First preference Copeland

From electowiki

First preference Copeland is a variant on the Copeland method. It was devised by Forest Simmons in 2006. [1] The name is due to Kristofer Munsterhjelm.[2]

In first preference Copeland, each candidate is assigned a penalty: the sum of first preferences of the candidates that beat the candidate pairwise. The candidate with the least penalty wins.

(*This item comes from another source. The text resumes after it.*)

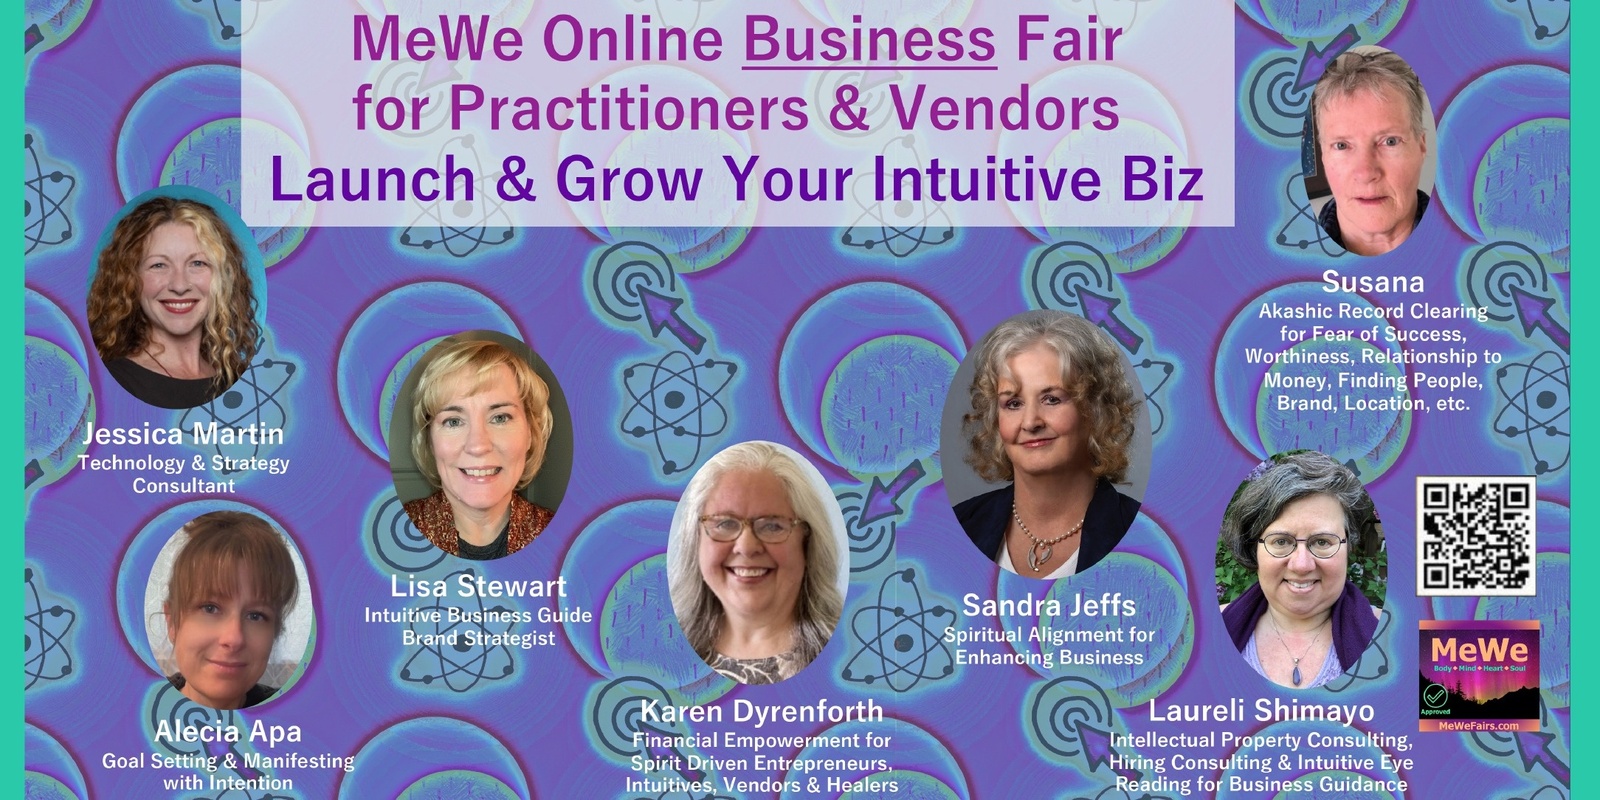 Banner image for Free Online MeWe Biz Fair for Starting & Growing Intuitive, Metaphysical & Spiritual Businesses with 12 Practitioners/Consultants

First preference Copeland passes Smith because supposing otherwise, that some candidate Y not in the Smith set wins; then for a candidate X in the Smith set, Y is beaten by every candidate X is beaten by, and some more. Thus Y's penalty must be higher than X's, so Y couldn't have been the winner.

However, FPC fails both independence of clone alternatives[3] and the monotonicity criterion. One example of monotonicity failure is as follows:

8: A>B>C
2: A>C>B
9: B>C>A
12: C>A>B

and C wins. Then raise C on the two A>C>B ballots:

8: A>B>C
9: B>C>A
14: C>A>B

and A wins.

This page is a stub - please add to it.

References

  1. Simmons, F. (2006-12-30). "Clone proofing Copeland". Election-methods mailing list archives.
  2. Munsterhjelm, K. (2008-07-13). "[Election-Methods] A Better Version of IRV?". Election-methods mailing list archives.
  3. Smith, W. (2006-12-31). "Wait a minute - Simmons' "cloneproof" method is not really cloneproof!". RangeVoting Yahoo list mirror.